The performance of the original code in Julia and Python represents the performance of functions and control-flow. In this view, any problem in my code please ? It seems they have almost the same performance.

1 Like

Is there? There is primecount_jll but that “only” provides the binary/lib.

julia> using primecount_jll

julia> run(`$(primecount()) 1e16 --time`);
279238341033925
Seconds: 5.542

I’m not able to reproduce your results. For me the python takes 2.7 seconds, while the Julia takes .6 seconds. That said, I had to fix your indentation to make the python code run. Can you edit your original post to have proper indentation to ensure we are running the same code?

I wrote one a long time ago. It would have to be pruned and modernized for recent versions of Julia.

1 Like

You need to be aware of the types here. trunc(n^0.5) returns a Float64, which means that you will iterate over a range of floats, which means that you will do n % k with a float k, which is slow.

Just changing this to

for k in (2:(trunc(Int, n^0.5)+1))

yielded a 7x speedup for me.

Furthermore (and with less impact):

  • Never use x^0.5 instead of sqrt(x). This is why sqrt exists
  • You should really use isqrt here to avoid rounding errors.

So change the line to

for k in (2:isqrt(n)+1)

Now I get

julia> @btime count_primes(10^6)
  158.684 ms (0 allocations: 0 bytes)

No multithreading or anything.

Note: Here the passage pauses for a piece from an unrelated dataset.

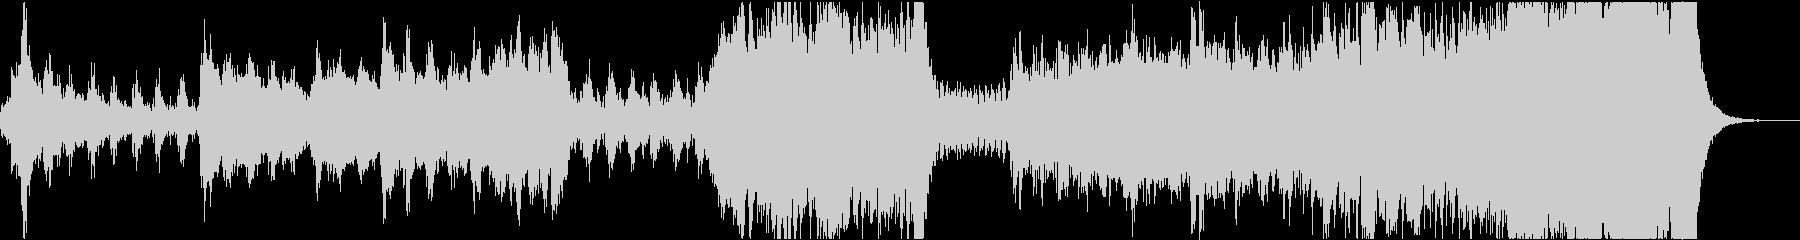 ハリウッド風オーケストラバトル曲/ブラスの未再生の波形

That’s a 12x speedup.

20 Likes

BTW:

julia> is_prime(1)
true

julia> is_prime(2)
false

:face_with_raised_eyebrow:

9 Likes

I was thinking of Python with Taichi is doing Taichi(the Chinese traditional sports) while coding Python will make you a better Python coder.

@Freya_the_Goddess Python coding while doing Tai-chi could damage your computer (and your feet).

Have you heard about Taichi.jl?

2 Likes

Just heard it now, it is created by you?

For someone who is still in beginner level of Julia and Python like me.

What could Taichi bring to the users ? Why we need to use Taichi in Julia?

I see the Julia Sets can be animated differently than just using Plots. Great one.